Peter's answer: only a little. OpenAI, Anthropic, Google, and others assert that user data is protected and not used to train models by default. Peter trusts these claims lightly - and points to the existence of the entire AI security industry as evidence that the providers' own guardrails are insufficient. If the model providers had solved inference security, red-teaming services wouldn't be growing.
His practical guidance: treat the major LLM chat interfaces as appropriate for writing, brainstorming, content outlines, and non-sensitive analysis. Treat them as inappropriate for anything containing PII, PHI, financial data, credentials, or proprietary business logic.
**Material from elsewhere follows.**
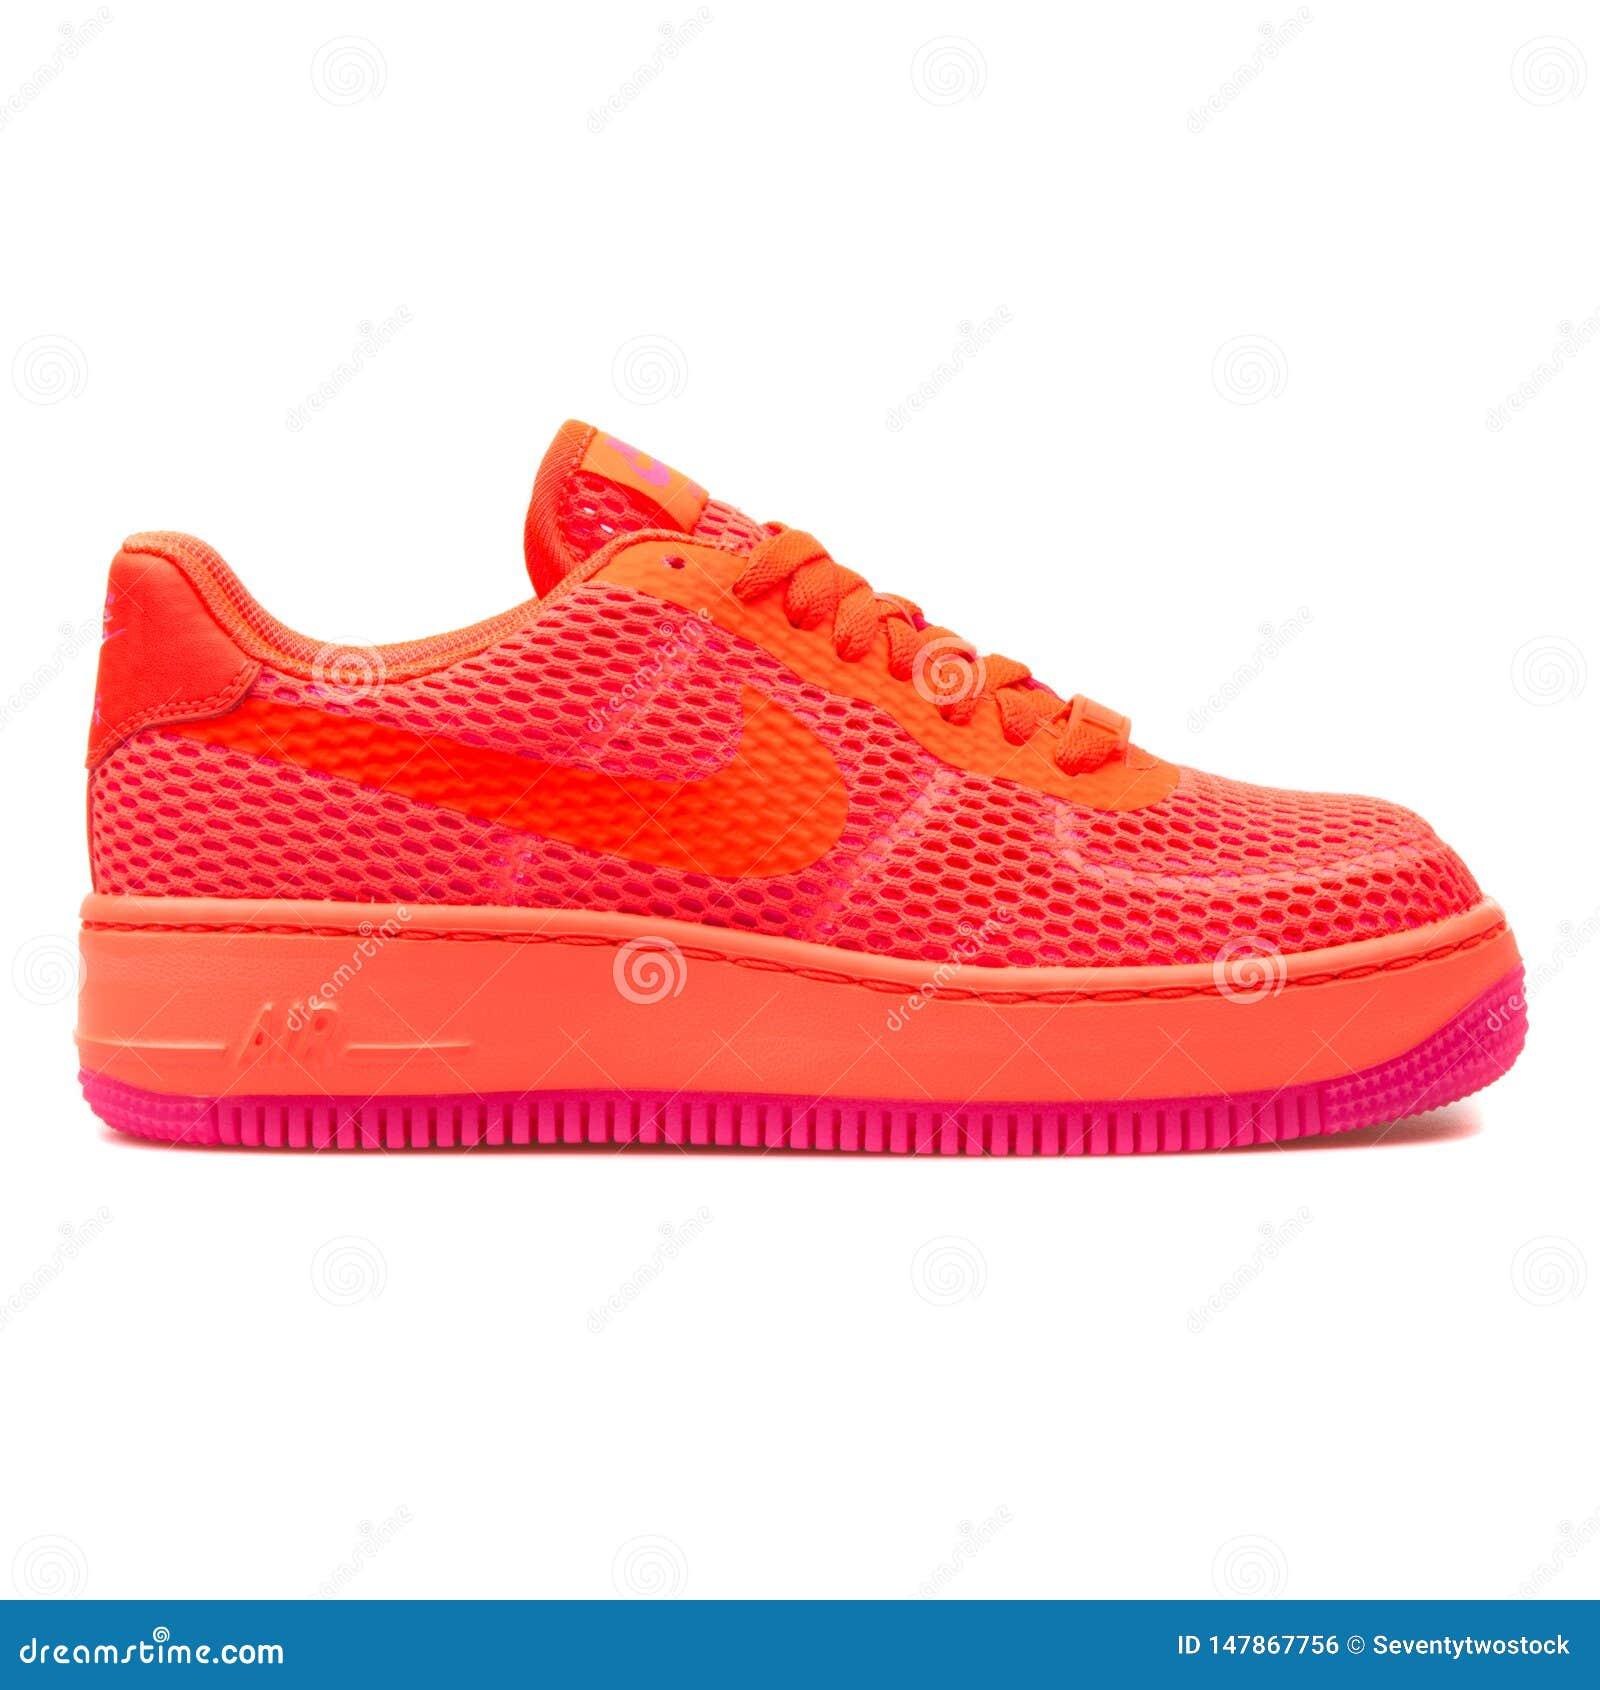 Nike Air Force 1 Low Upstep BR Total
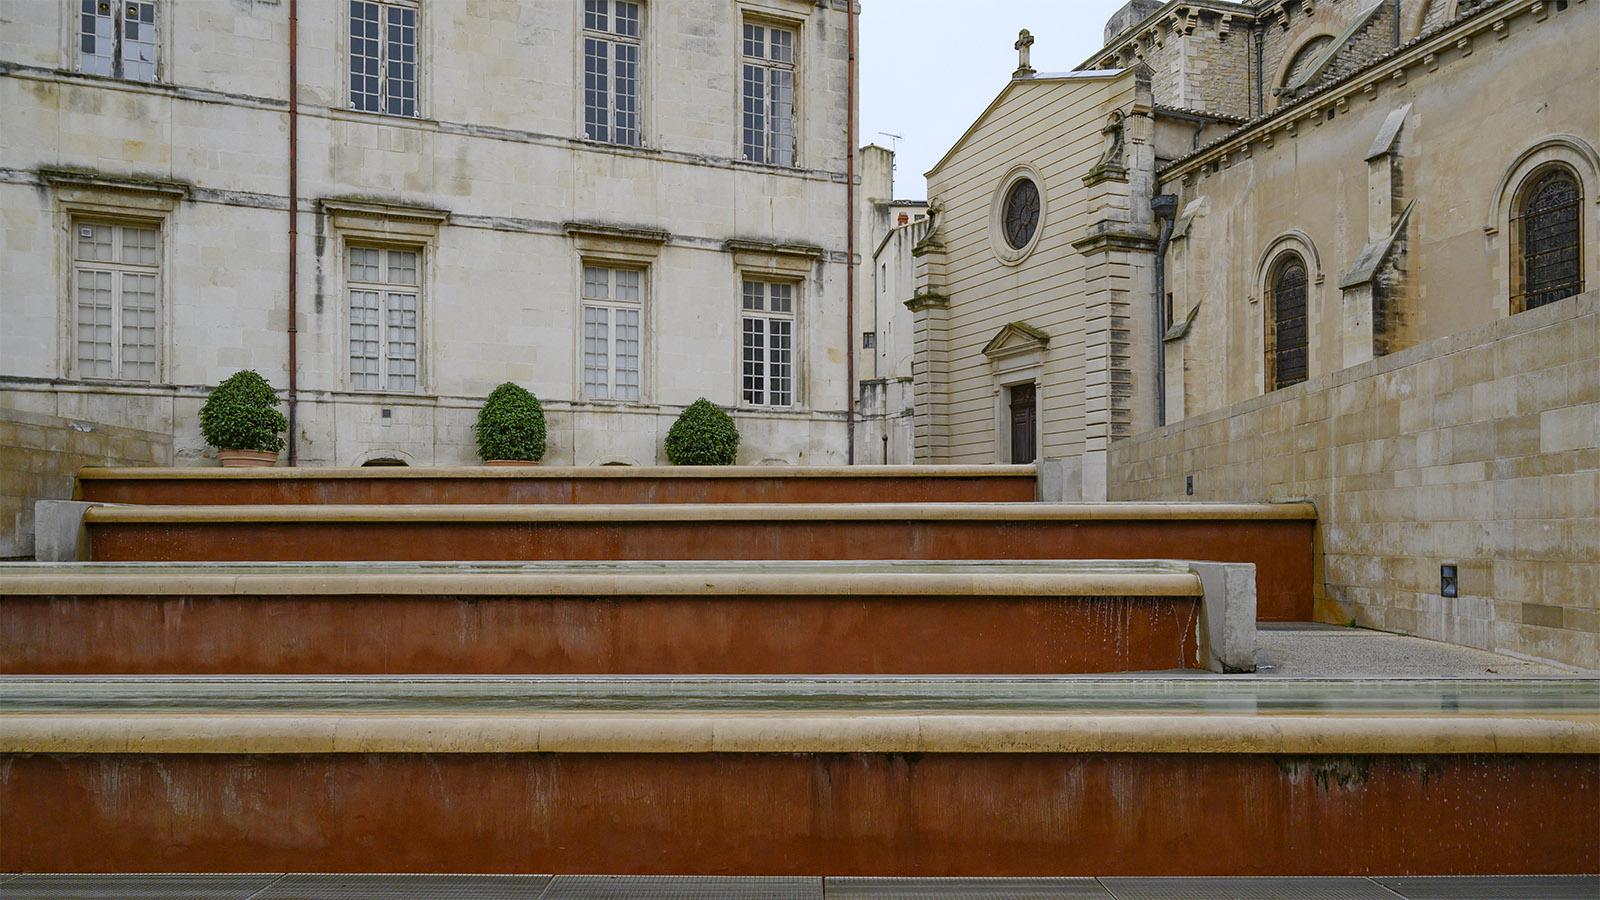 Der Treppenbrunnen der Place du Chapitre. Im Sommer fließt Wasser über die Stufen. Foto: Hilke Maunder

If you need to use sensitive data, run a locally deployed or properly enclaved model where you control the infrastructure.
On DeepSeek specifically: Peter explicitly advises against using it. The company used a technique called distillation - essentially scraping and compressing OpenAI's outputs to train a cheaper open-source model - raising fundamental questions about data lineage, IP integrity, and trustworthiness.
Privacy in America Is Already Dead
The United States has no unified federal privacy law. What exists is a patchwork of state-level regulations - California's CCPA being the most prominent - with no federal standard tying them together. Compare this to the EU's GDPR, which establishes a single comprehensive framework across all member states with real enforcement teeth.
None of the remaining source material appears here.